Live Stream Review: Spirit Mother, Live in the Mojave Desert

spirit mother live in the mojave desert vol 3

Long Beach, California-based four-piece Spirit Mother have the sound, look and mood pretty much nailed. Laced with echoing violin and lead guitar playing off each other in a song like “Martyrs” from their 2020 debut, Cadets (review here), if their inclusion as the third of five in the ‘Live in the Mojave Desert’ series left anyone scratching their head, the issue is promptly cleared up once they start playing.

Directed by Ryan Jones (also of the Stoned and Dusted fest), edited by Sam Grant with Dan Joeright of Joshua Tree’s Gatos Trail Studio doing sound and psychedelic oil projections lighting up Skull Rock — because where else? — by Lance Gordon and his Mad Alchemy team, the level of production, the sheer concert film-ness of ‘Live in the Mojave Desert’ remains staggering, and as parts of the country struggle to keep the lights and heat on and others are dug into cold winter chill, Jones and company successfully make the West-is-best argument seem moot.

As with prior installments featuring Earthless (review here) and Nebula (review here), Spirit Mother‘s ‘Live in the Mojave’ sets and lives up to a high standard. The first hour of the stream is dedicated to interview footage and the odd music video — a preview of Mountain Tamer still to come in the series, as well as clips from Stoned and Dusted and videos from Acid King and King Buffalo; all certainly welcome, content-wise — with Jones hosting in a kind of early-to-mid 1990s MTV atmosphere, including a few awkward moments preserved for posterity.

Unlike Earthless or Nebula, however, when Spirit Mother take the stage — by which I mean a kind of flat piece of land some distance away from Skull Rock, and, apparently, anything else, with lights on either side, projections around and behind and drones and hand-cameras (phones and not?) capturing it all — it’s already night. I don’t know why the band decided to start playing after dark, maybe it was just timing, but the decision meant more time for the liquid lightshow, and more Mad Alchemy is never a bad choice. Particularly for an act as atmospheric as Spirit Mother show themselves to be.

They start the set with what would seem to be a new song in “Toxic (Exodus Inc.)” and guitarist Sean McCormick and drummer Landon Cisneros, violinist/vocalist SJ and bassist/vocalist Armand Lance are immediately locked in. The vibe is vibe if you can vibe, like languid grunge blasted into outer space in the desert night. Credit to Cisneros, who puts on a clinic in holding together elements that a less capable drummer would simply watch fall apart in a cut like “Premonitions,” which begins the second half of the set after a quick break to find out everybody’s favorite live album — Allman Bros.Dave Brubeck, something classical from SJ I couldn’t quite hear over the wind — and ethereal bursts from Cadets like, indeed “Ether,” “Go Getter” and “My Head is Sinking.”
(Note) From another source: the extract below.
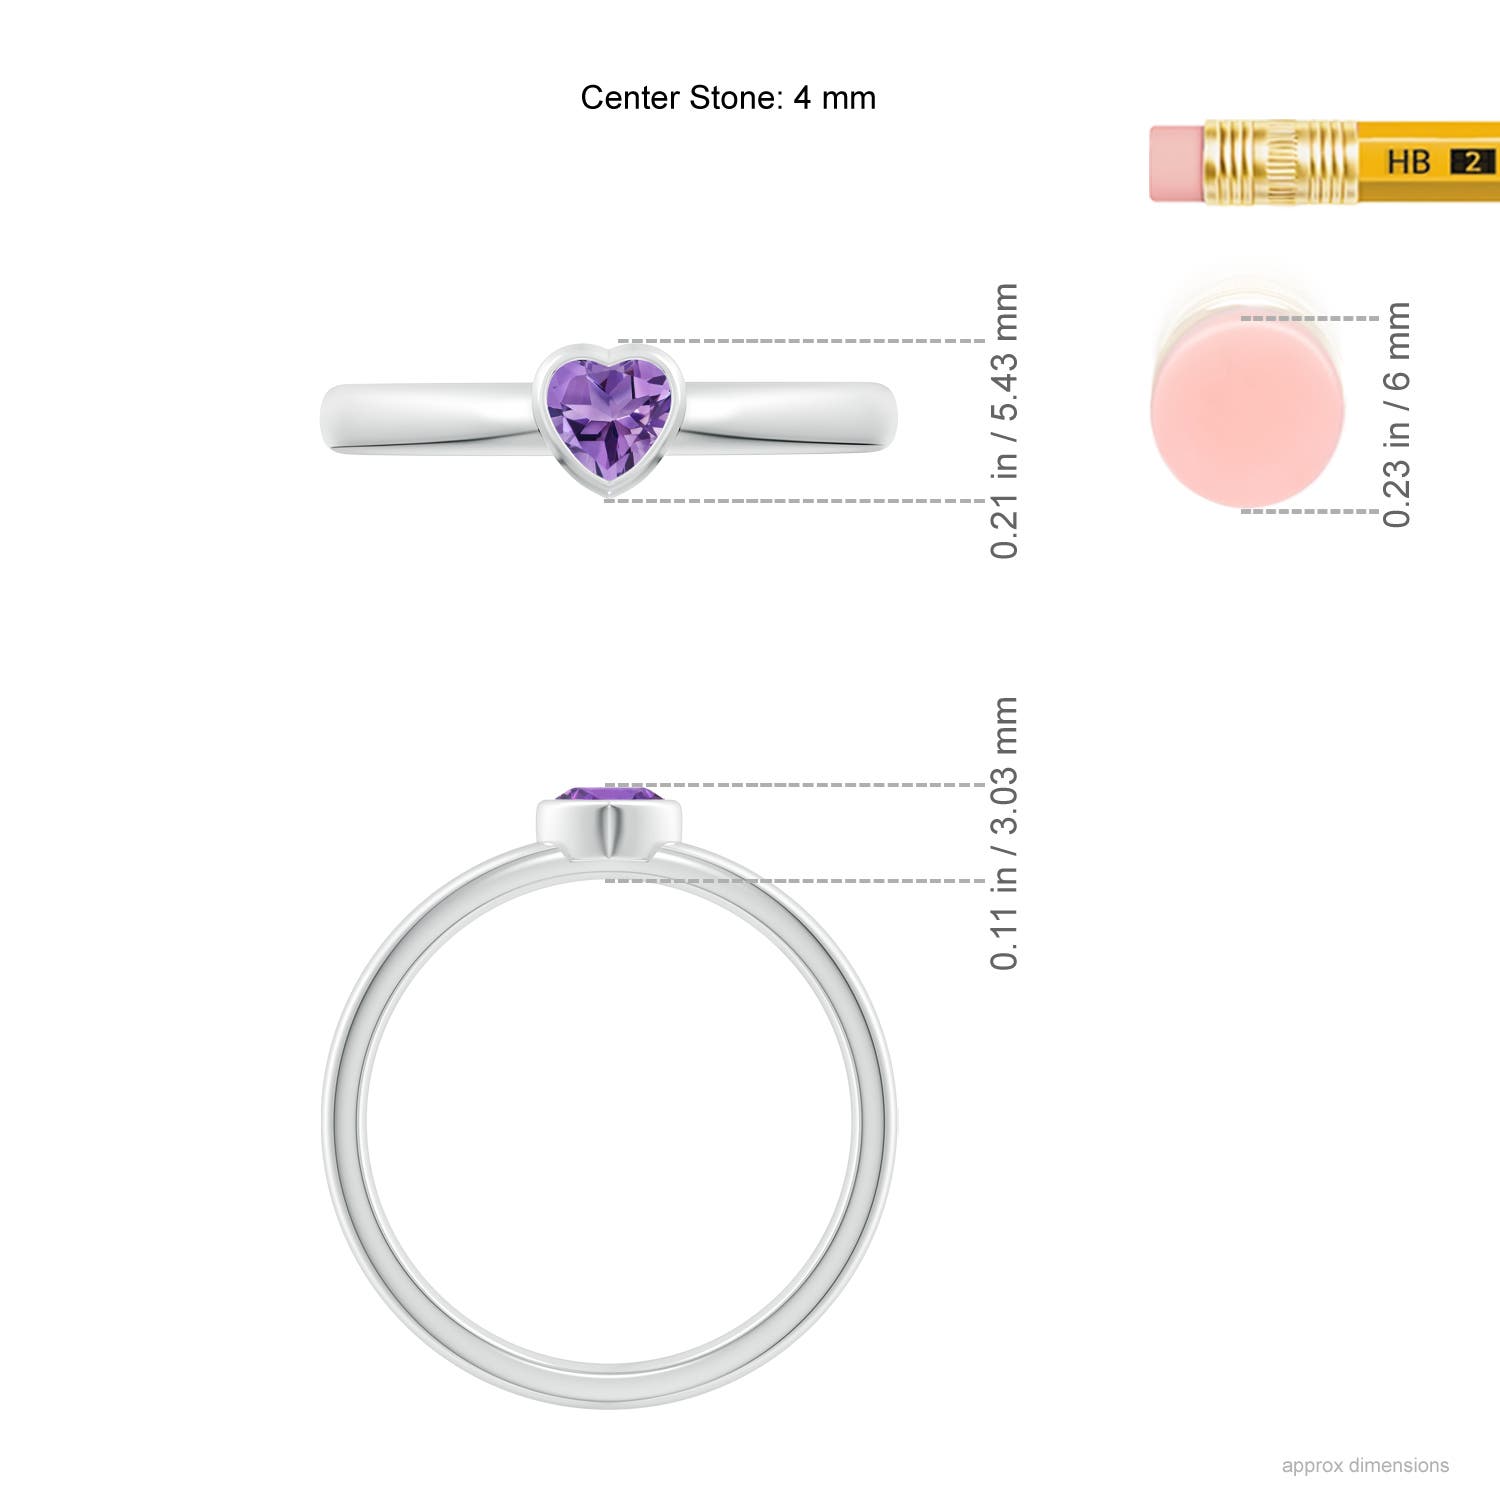 AA - Amethyst / 0.2 CT / 14 KT White Gold

spirit mother live in the mojave desert

Spirit Mother‘s songs are fairly short, so they’re able to pack more in than, say, Earthless, and the double-effect that has is that it never quite lets them wander off. Lance as a vocalist is somewhere between grunge and shoegaze in his delivery, a classic sort of reluctance, keeping it casual as the bass drops out and returns to add impact to McCormick‘s steadier progressions of guitar. Off to stage right, SJ‘s violin fills out the sound with overarching melody as the movements grow more chaotic before cutting out cold, à la “Martyrs” or “Black Sheep,” both of which manage to take the listener/viewer for a ride in a little over three minutes’ time.

Her vocals feature more prominently on “Dead Cells,” which since my tired eyes can’t find it anywhere else I’ll assume is another new track, and that may be a hint of more active interplay between her and Lance in the lead role — she carries the song well and is a good match for Lance in attitude; belting “Dead Cells” out a bit works. Watching Cisneros playing “Space Cadets,” the opener of Cadets, one might be reminded a bit of The Golden GrassAdam Kriney in style, but there’s not the same kind of underlying intensity that feels like it’s trying to break out, and so Cisneros operates fluidly with the lumber in “Space Cadets” and elsewhere, helping not necessarily to keep things grounded, but at least cohesive on its own level, the songs feeling almost willfully incomplete, because really, what’s the point anyway, man?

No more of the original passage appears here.